摘要： 我国陆相页岩油资源潜力巨大，但当前页岩油开采量远不及预期。文章以泌阳凹陷核桃园组为例，根据颜色、结构和显微特征将研究区50块页岩划分为黑色纹层状页岩（A类）和灰色页岩（B类，包括灰色页岩、暗色泥岩及少量粉砂质泥岩）两大类，并进行了系统的地球化学测试分析，包括TOC、热解、显微组分、气相色谱和色谱-质谱分析等，以期明确湖相富有机质页岩地球化学特征及其页岩油富集机制。结果表明：A类页岩主要发育于较高盐度的强还原环境，具有较高的有机质丰度（TOC高达8.59%），富含Ⅰ型干酪根，藻类生源丰富，与此同时，较发育的水平裂缝有利于页岩油的储集，促成了现今较高的含油性（较高的热解烃含量S₁和氯仿沥青“A”含量），导致A类页岩主要发育“富集”页岩油资源；而B类页岩主要发育于较低盐度的弱还原环境，有机质丰度相对较低（TOC低至1.09%），以Ⅱ₁-Ⅱ₂型干酪根为主，藻类生源相对贫乏，与此同时，较发育的垂向裂缝加速了页岩排烃，促成了现今相对较低的含油性，导致B类页岩主要发育“低效”和“无效”页岩油资源。因此，泌阳凹陷黑色纹层状页岩能有效生成并储集丰富的页岩油资源，该认识对研究区页岩油进一步勘探开发具有重要参考价值。
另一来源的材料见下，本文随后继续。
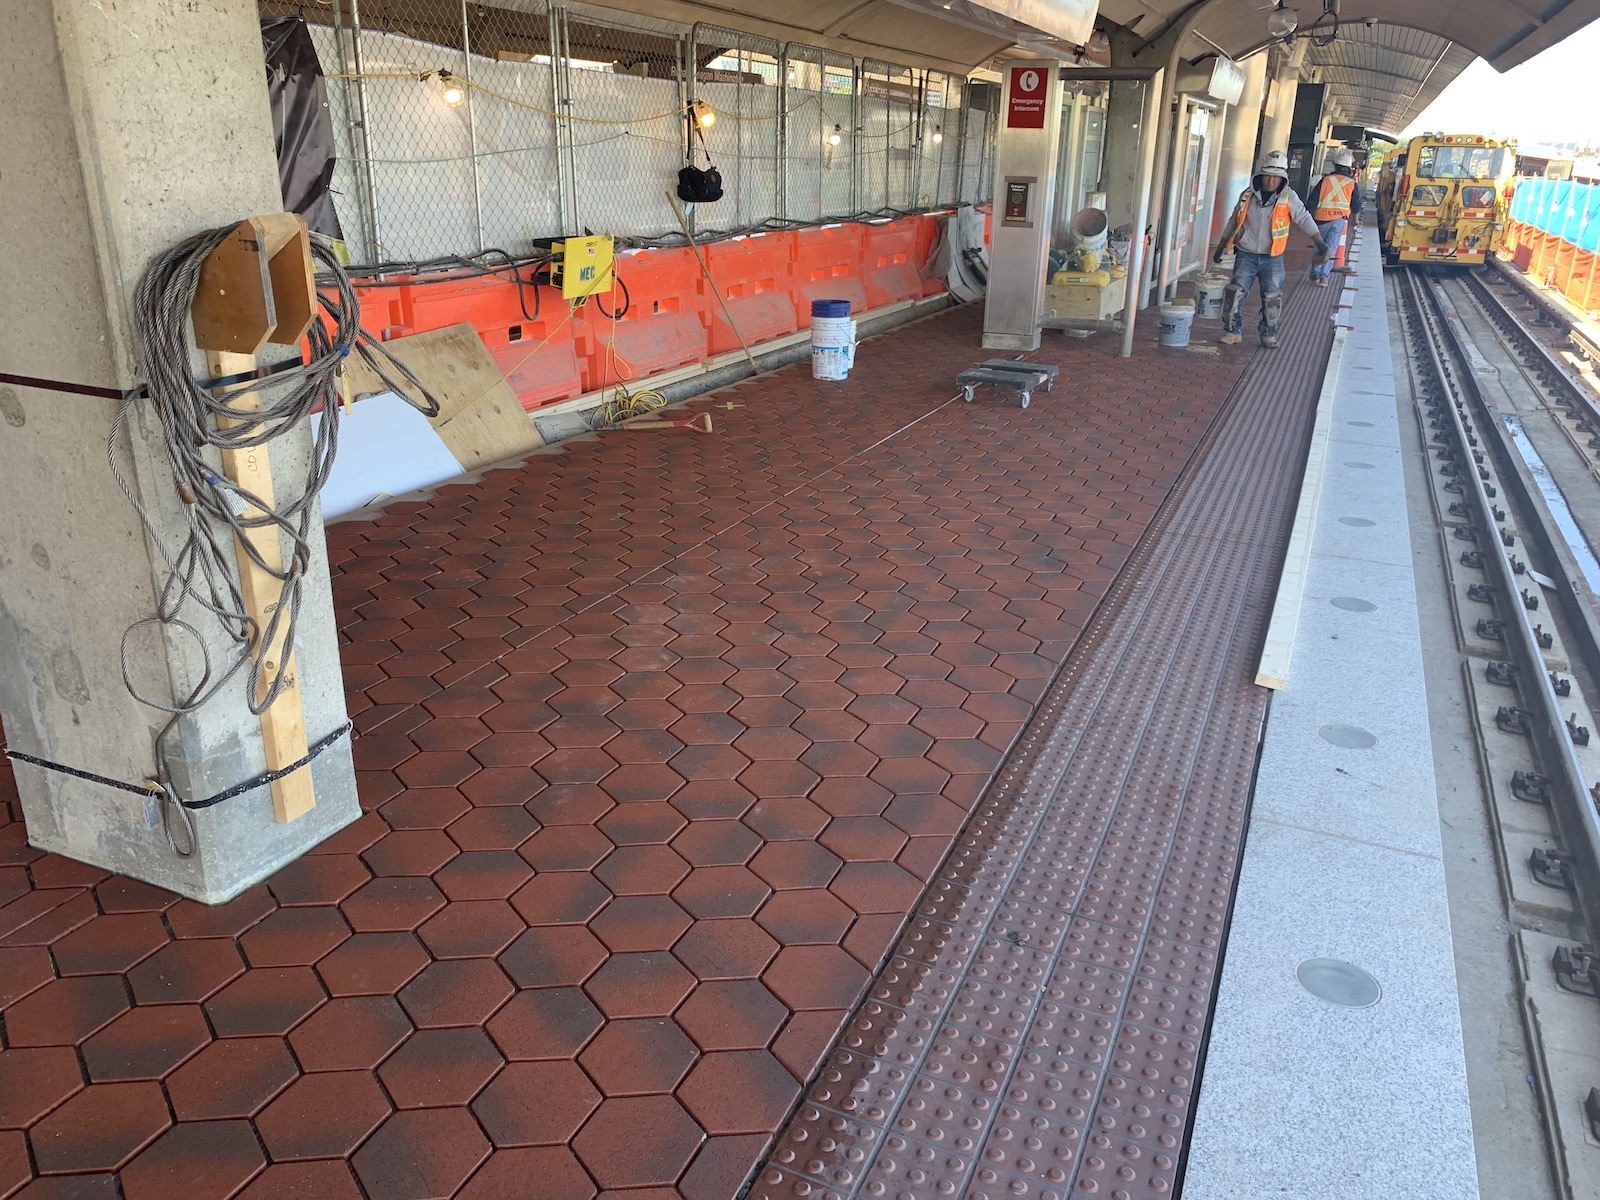 Tile installation and grouting at Reagan National Airport

关键词: 页岩油资源, 富有机质页岩, 藻类有机质, 盐度, 氧化还原环境, 泌阳凹陷

Abstract: The continental shale oil potential is remarkably huge in China,but the current production of shale oil is much less than expected.Therefore,in order to reveal the geochemical characteristics and shale oil accumulation mechanism of organic-rich shales,a multiple geochemical techniques,mainly including total organic carbon (TOC),Rock-Eval,organic maceral and gas chromatography mass spectrometry (GC-MS),were systematically performed on a total of 50 shale samples from shale oil field in the Biyang Depression,Nanxiang Basin,in this study.On the basis of the diversities in the color,structure and microscopic characteristics,two types of shales have been identified,which are black laminated shale (type A) and gray shale (type B,including gray shale,dark mudstone and few silty mudstones),respectively.The testing results show that (1) type A,mainly formed in high salinity and strong reducing environment,is rich in TOC (up to 8.59%) and algea organic matter (AOM) with kerogen of type Ⅰ,and contains plenty of the horizontal cracks favorable for shale oil storage which have enhanced the abundant oil content (high free hydrocarbon S₁ and chloroform bitumen "A" concentrations) at present,resulting that the enriched shale oil resources occurred in this type of shales;(2) type B,mainly developed in weak reduction environment with low salinity,has less TOC abundance (low to 1.09%) with kerogen of type Ⅱ and poor AOM contribution,and vertical cracks within shales have accelerated the hydrocarbon expulsion,which has led to today's poor oil content and resulted that this type of shales only contains potential and ineffective shale oil resources.Thus,the type A of shales can effectively generate and store abundant shale oil,which is of great reference value for further exploration and development of shale oil in the future.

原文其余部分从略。